Washington, DC - More than three-quarters of American companies of all sizes report that the cumulative effect of financial regulations adopted over the past six years is making it harder for them to access the financial services they need, a new U.S. Chamber of Commerce Center for Capital Markets Competitiveness (CCMC) report released today found.
“After six years of adopting rule after rule, financial regulators should begin to focus on the impact of regulation on economic growth,” said David Hirschmann, president and CEO of CCMC. “This survey shows that the crush of financial regulations has a direct, downstream impact on companies that rely on a diverse system of financial services providers to help them manage both their short-term and long-term financial needs and risks.”

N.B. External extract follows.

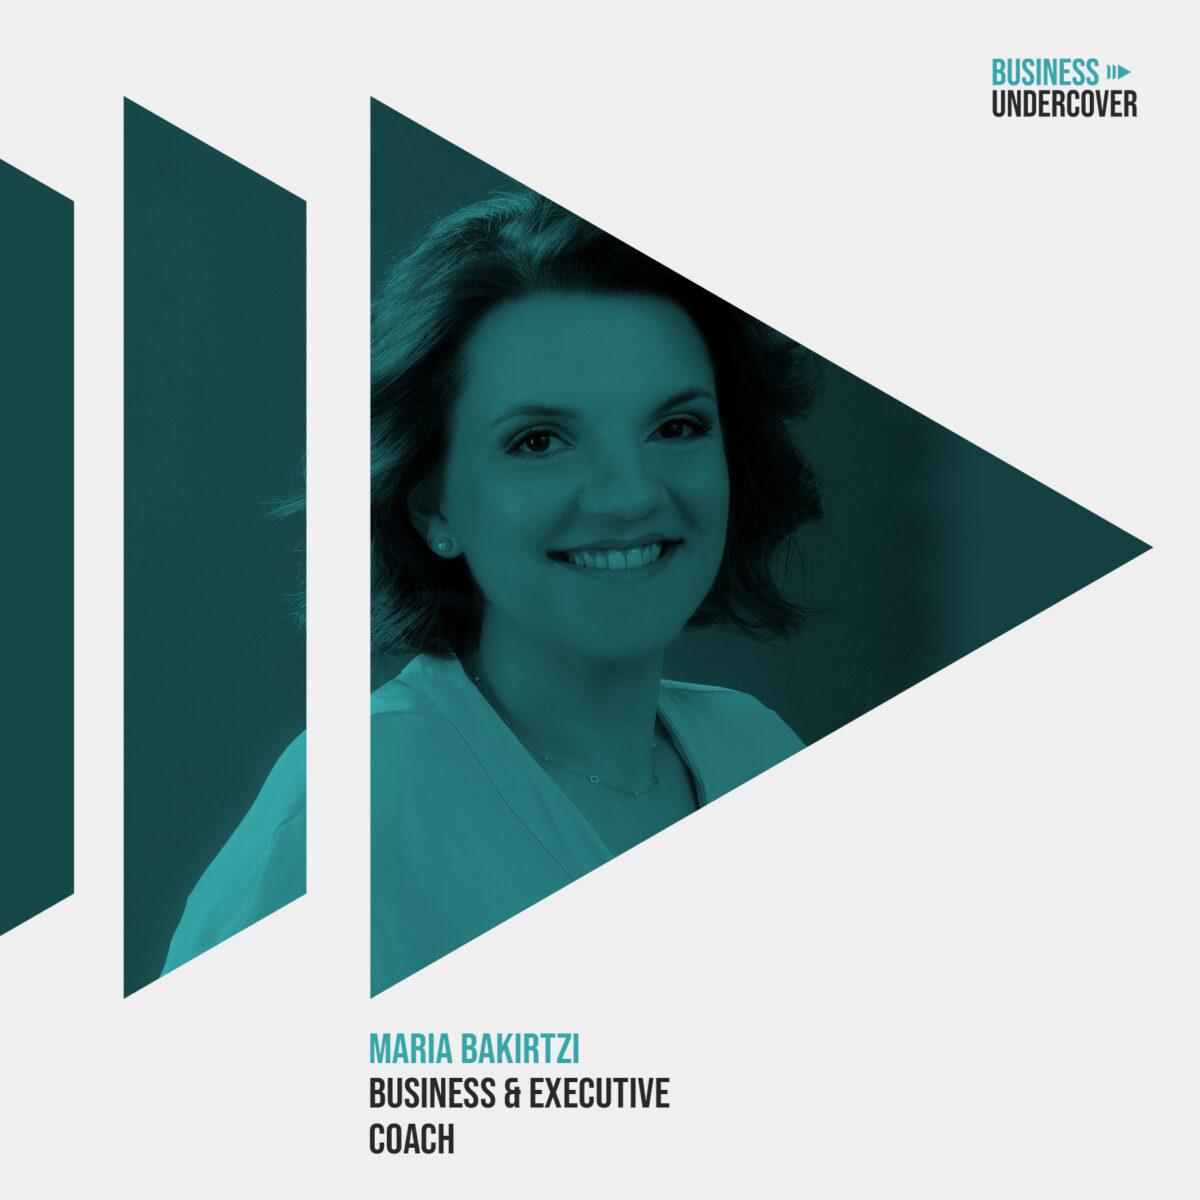 Executive Coaching: Πως να πετύχεις τους στόχους σου ως leader — Μαρία Μπακιρτζή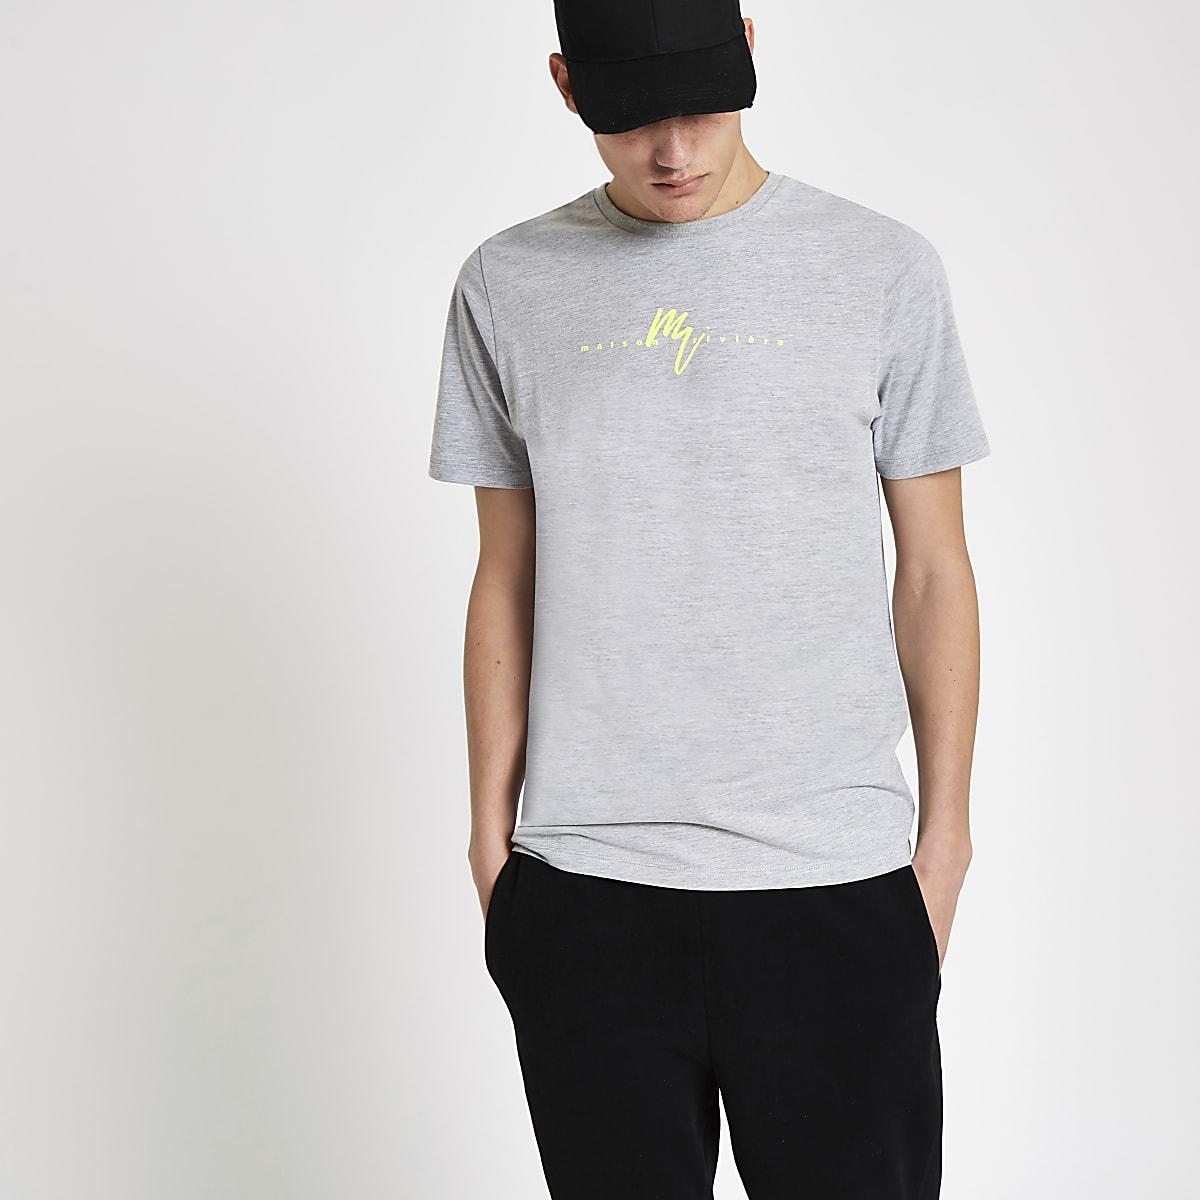 Grey slim fit 'Maison Riviera' neon T-shirt

The report, Financing Growth: The Impact of Financial Regulation is based off of a survey of more than 300 corporate finance professionals, including CFOs and treasurers, which examined the impact of financial services regulatory reform on the availability and cost of the products and services most crucial to the growth of Main Street businesses.
“Companies rely on every size and type of bank, from community and mid-sized institutions, to regional, national and global banks to meet their diverse needs. Under the cumulative weight of financial regulations, banks are abandoning markets and products that are essential to fueling the American economy. It’s time for regulators to take stock of this impact and ensure financial regulation doesn’t further limit America’s Main Street economic growth,” Hirschmann added.
In many cases, those companies now face the choice of either paying higher costs or losing access to key products, services, and providers, the survey found. Increasingly, those costs are then passed on to consumers. This is particularly true of services needed to manage short-term liquidity and cash as well as the ability to obtain credit or issue debt.
Main findings from the report include: main street businesses have diverse financial services needs, and they need access to a variety of products and services to succeed; regulatory efforts to reduce risk in the financial systems are causing reducing the financial services choices and increasing costs for non-financial companies; and without a robust financial services supply chain our nation cannot finance adequate economic growth.
“A strong financial services sector is the essential fuel to powering economic growth, making it vital for us to have a dialogue on how to get financial regulation right,” Hirschmann continued. “The bottom line is that companies need access to wide range of financial service providers who will compete for their business. Without this we cannot have a full growth agenda or economy.”
Financing Growth: The Impact of Financial Regulation was released during an event hosted by CCMC, in partnership with the National Association of Corporate Treasurers, Association for Financial Professionals, and the Coalition for Derivatives End-Users, which looked at emerging challenges facing Main Street companies, including access to capital, liquidity, and risk management.
Since its inception in 2007, the Center for Capital Markets Competitiveness has led a bipartisan effort to modernize and strengthen the outmoded regulatory systems that have governed our capital markets. The CCMC is committed to working aggressively with the administration, Congress, and global leaders to implement reforms to strengthen the economy, restore investor confidence, and ensure well-functioning capital markets.
The U.S. Chamber of Commerce is the world’s largest business federation representing the interests of more than 3 million businesses of all sizes, sectors, and regions, as well as state and local chambers and industry associations.